Como é possível? A Constituição de 1988 prevê, no artigo
166, que o Congresso não possa interferir no orçamento relativo a três questões:
dotações para pessoal, transferências tributárias a estados e municípios e o
chamado “serviço da dívida”. Traduzindo de maneira simplória, se tudo der
errado, o presidente da República deve usar até o último centavo para pagar
credores e deixar de empregar recursos em saúde, educação, previdência etc. E o
Legislativo não tem o direito de opinar.
É um dos investimentos mais seguros do mundo. Projeta-se
uma contração de até 3% do Produto Interno Bruto (PIB) brasileiro este ano. O
ministro da Fazenda, Joaquim Levy, ex-executivo do Bradesco, diz a seus amigos
do mercado que não se preocupem, que tudo será resolvido. Pudera. Entre janeiro
e setembro, a dívida pública cresceu 17,8%, ou R$ 600 bilhões, ou sete e meio
ajustes fiscais de Levy. Em termos absolutos e proporcionais, é o aumento mais
espetacular de que se tem notícia em uma década. Não por acaso, trata-se do
pior desempenho econômico dos anos de governo do PT.

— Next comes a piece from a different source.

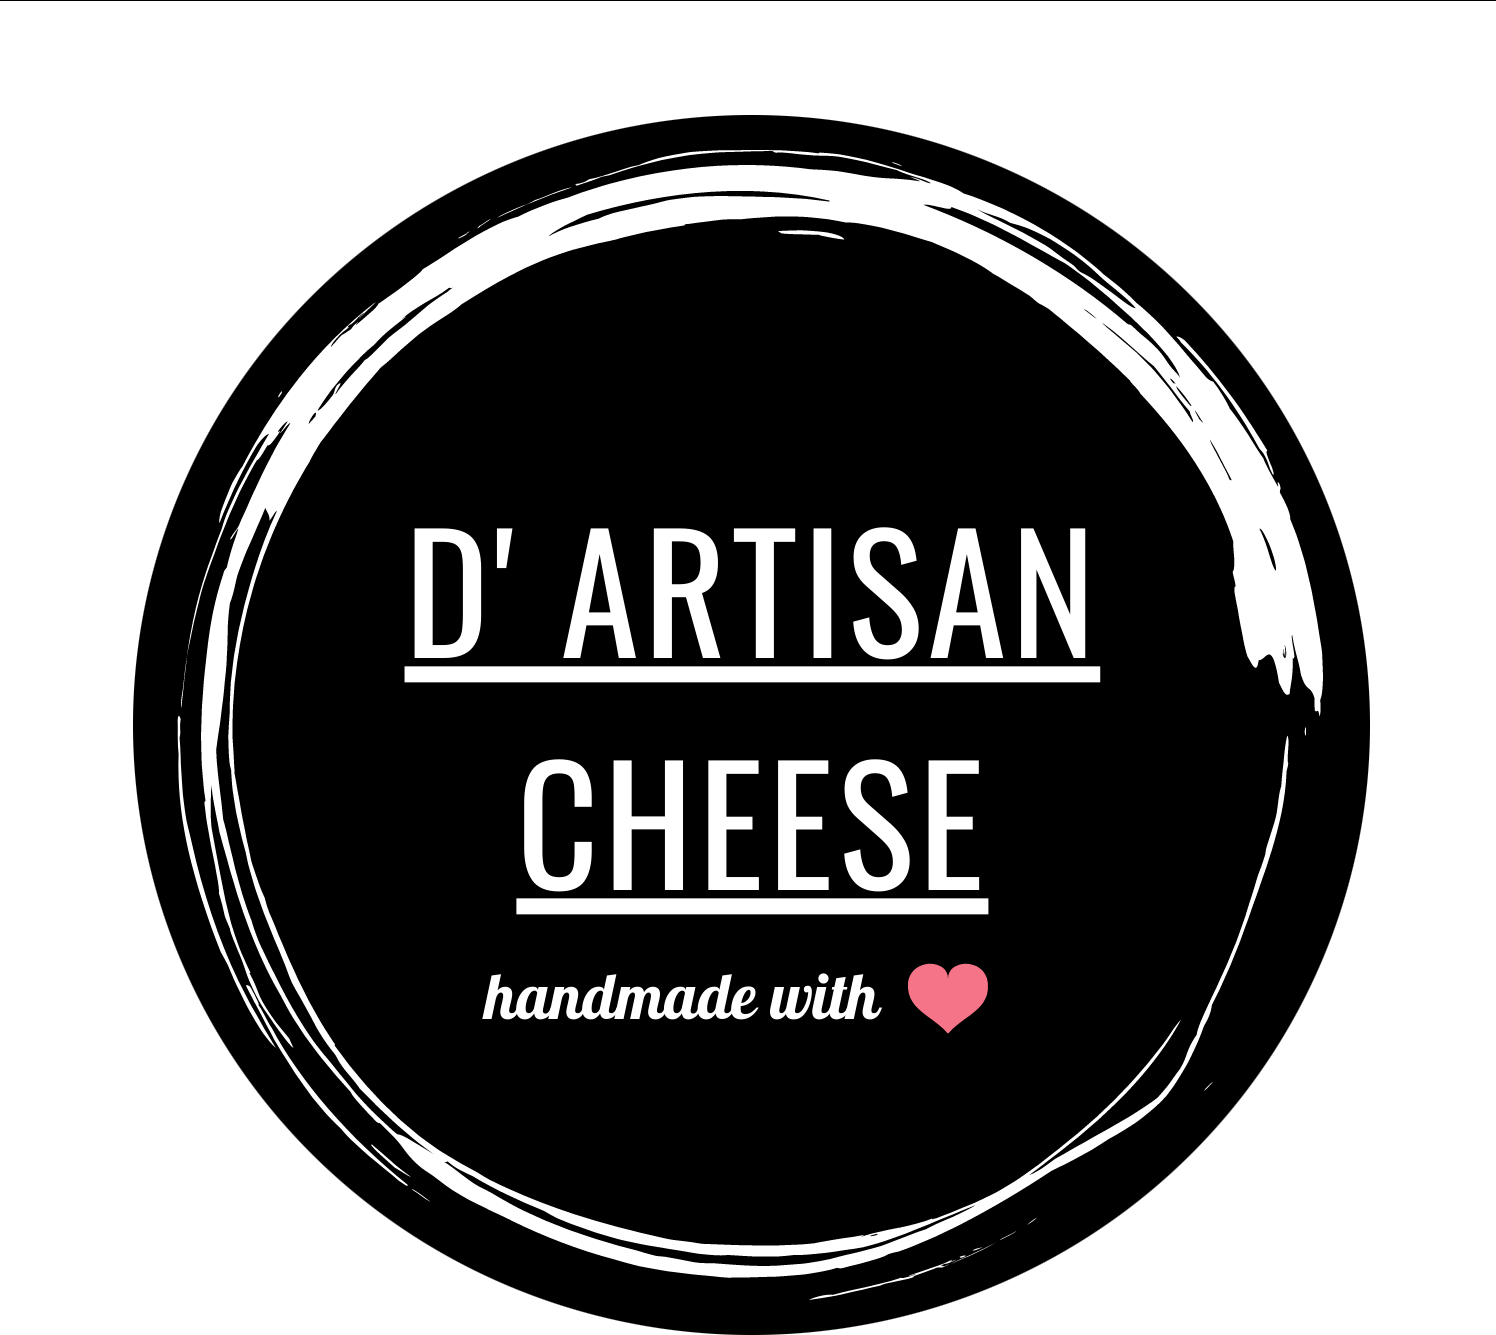 Dartisan Cheese

Como um artigo que elimina totalmente a autonomia dos
poderes legais foi parar na Constituição? Esta é outra história. No último 4 de
agosto, o procurador-geral da República, Rodrigo Janot, e o coordenador da
Assessoria Jurídica Constitucional, Wellington Cabral Saraiva, firmaram um
documento em que reconhecem “certa plausibilidade” na tese apresentada por Luiz
Ribeiro Cordioli, um engenheiro de São Carlos, no interior paulista,
interessado na questão da dívida e que move a ação desde 2011. “Com efeito, os
documentos acostados à representação indicam ter havido inobservância, pelo
Constituinte de 1988, das formas procedimentais que regiam o processo de
elaboração da Constituição da República”, continuam.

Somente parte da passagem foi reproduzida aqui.